CS-456: MP1 - RND Normalization

Hello,

I have a question about the normalizations in part 3.4.

The project description states that the states have to be normalized using only a running average and that the intrinsic reward has to be also normalized but this time clamped between -5 and 5.

However, the linked article in the project description [Burda et al., 2018]. seems to state the opposite, namely that the intrinsic reward has to be only normalized with a running average and that it is the next_state that has to be normalized and clamped between -5 and 5.

Which one should we implement ?

Thanks for your help,

Gaston Wolfart

Re: MP1 - RND Normalization

by Lucas Louis Gruaz - Monday, 27 May 2024, 09:28

Hello,

Yes, you are right. This is a mistake we made, but both work fine for the given task.

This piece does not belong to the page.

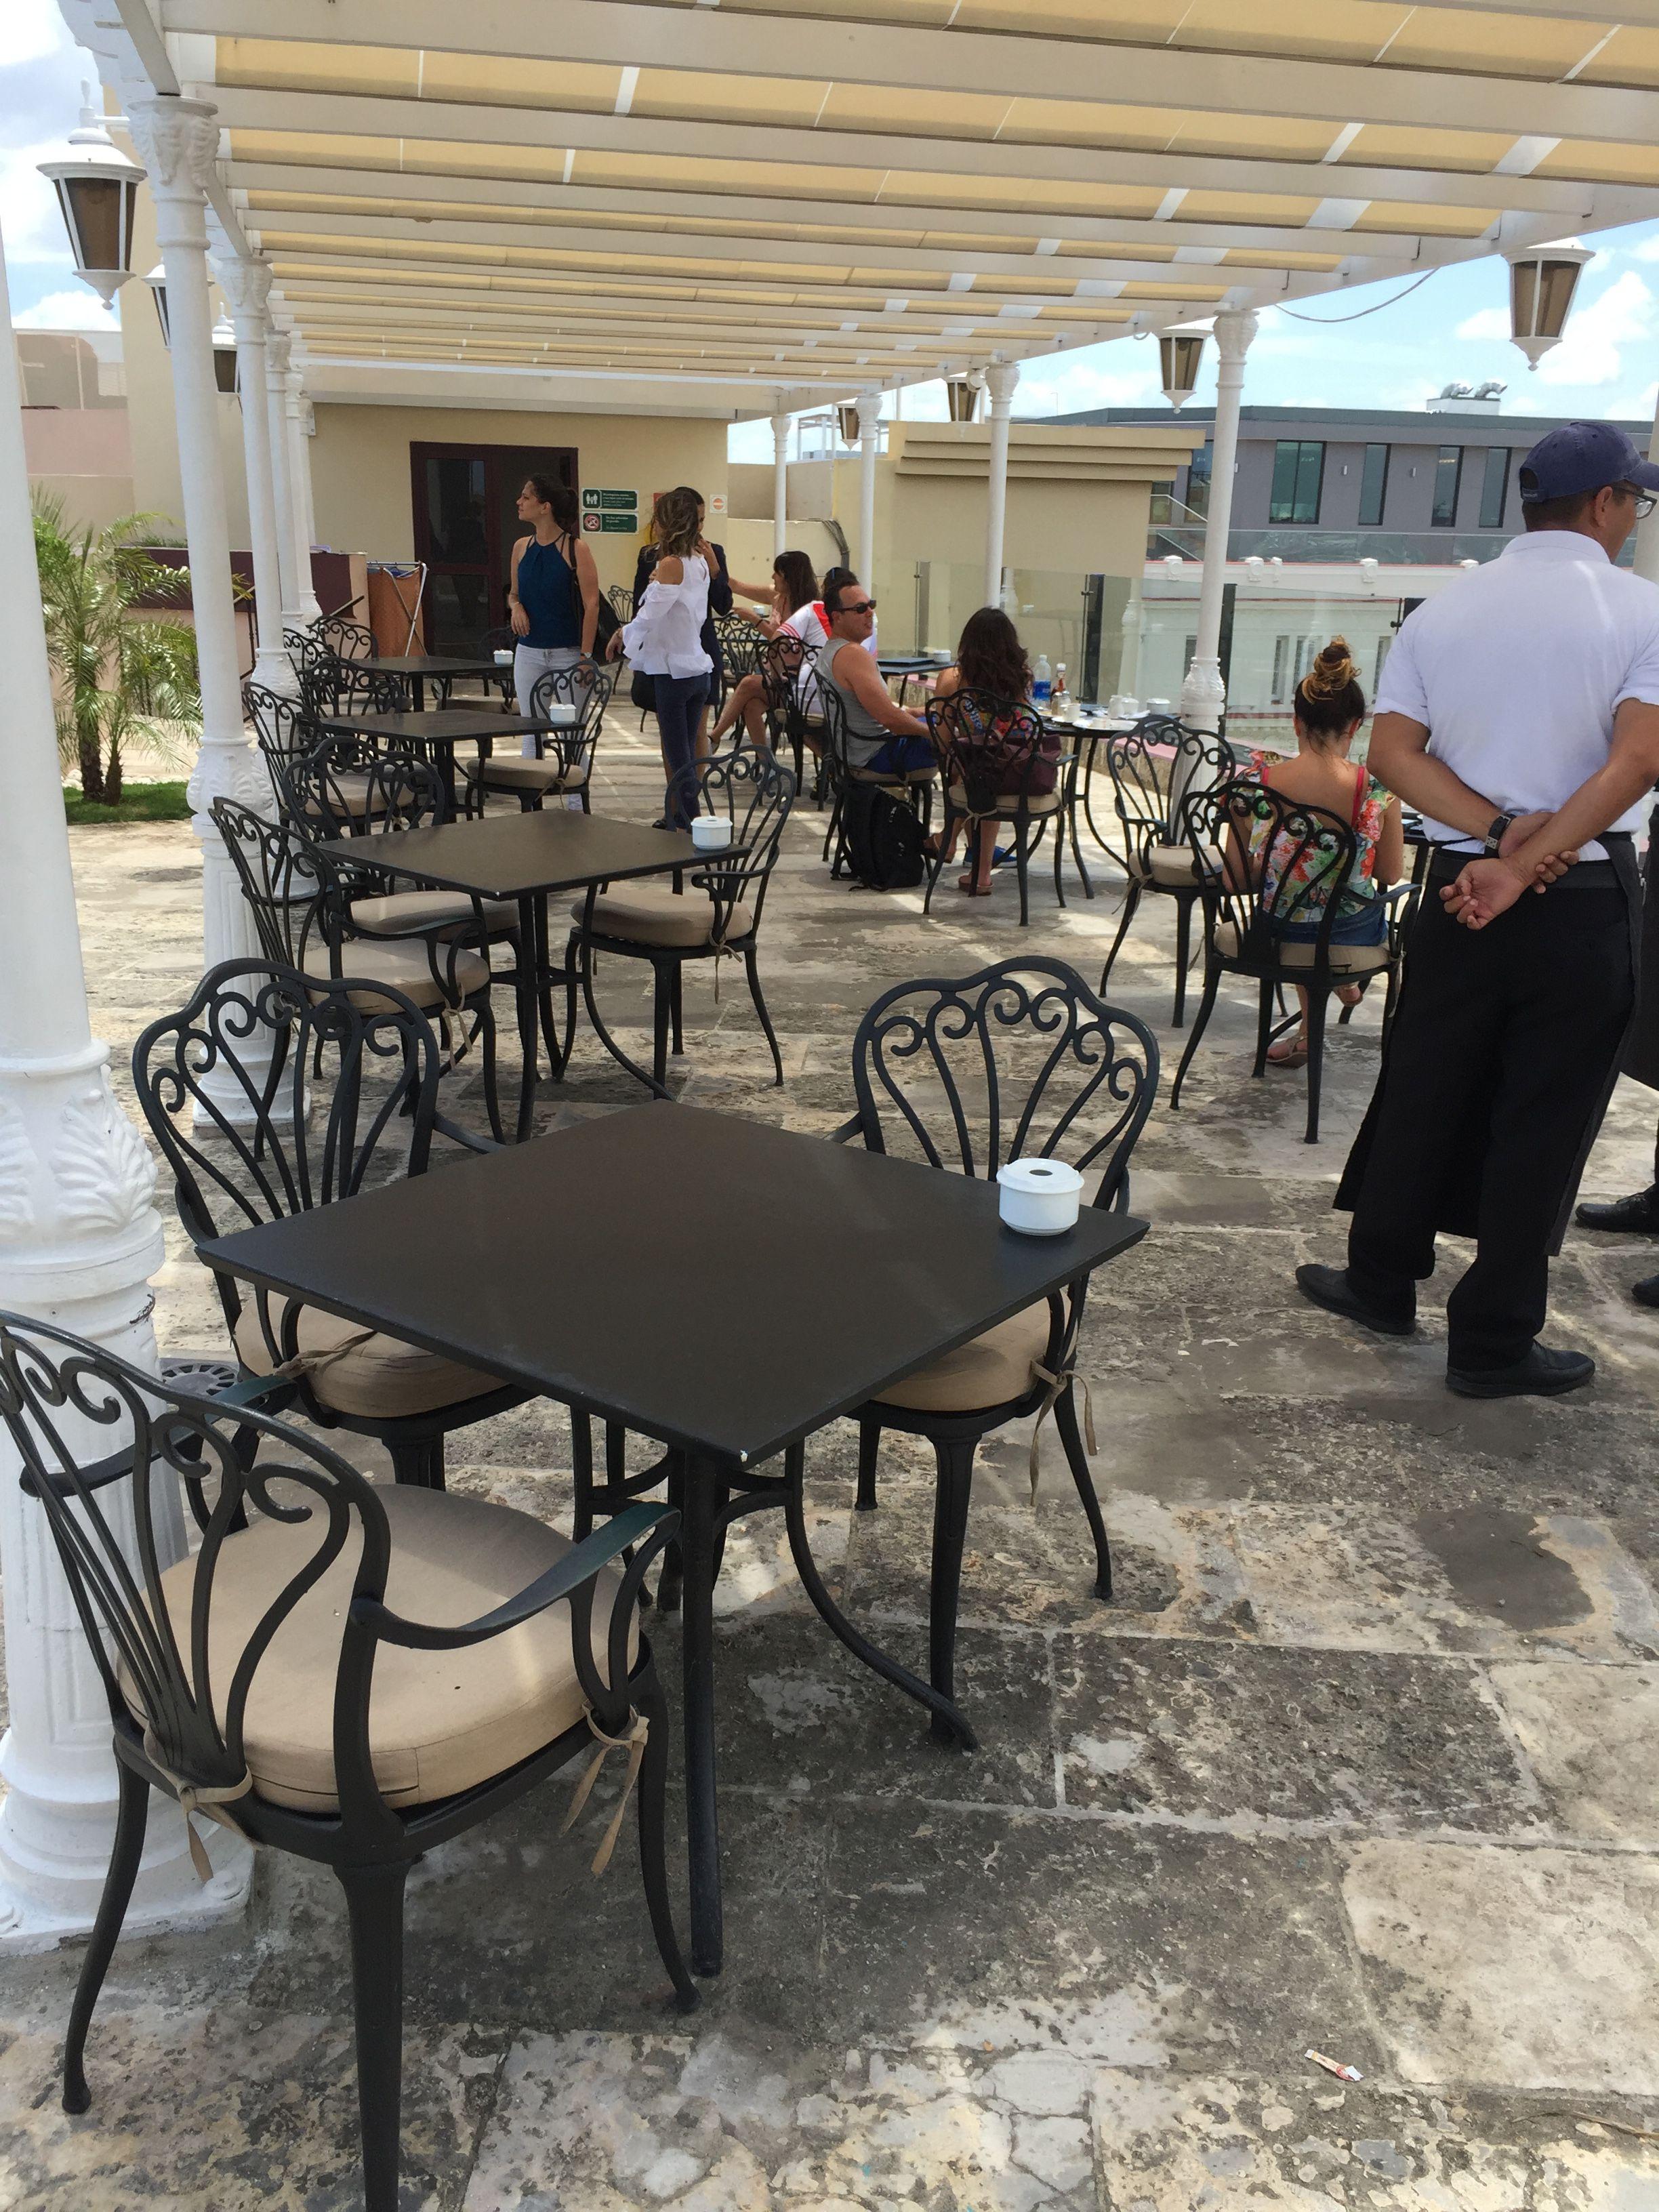 Terraza Del Hotel Parque Central Hotel Del Parque

You can implement any of the two options, both will be considered correct.

Best,
Lucas

Re: MP1 - RND Normalization

by Maria Yuffa Meshcheryakova - Monday, 27 May 2024, 13:59

Dear Lucas,

I am slightly confused: aren't we considering states that are much smaller than 5 (from -1.2 to 0.6 and from -0.07 to 0.07) compared to the authors who are exploring different environments?

Thank you in advance for clarification!

Best wishes,

Maria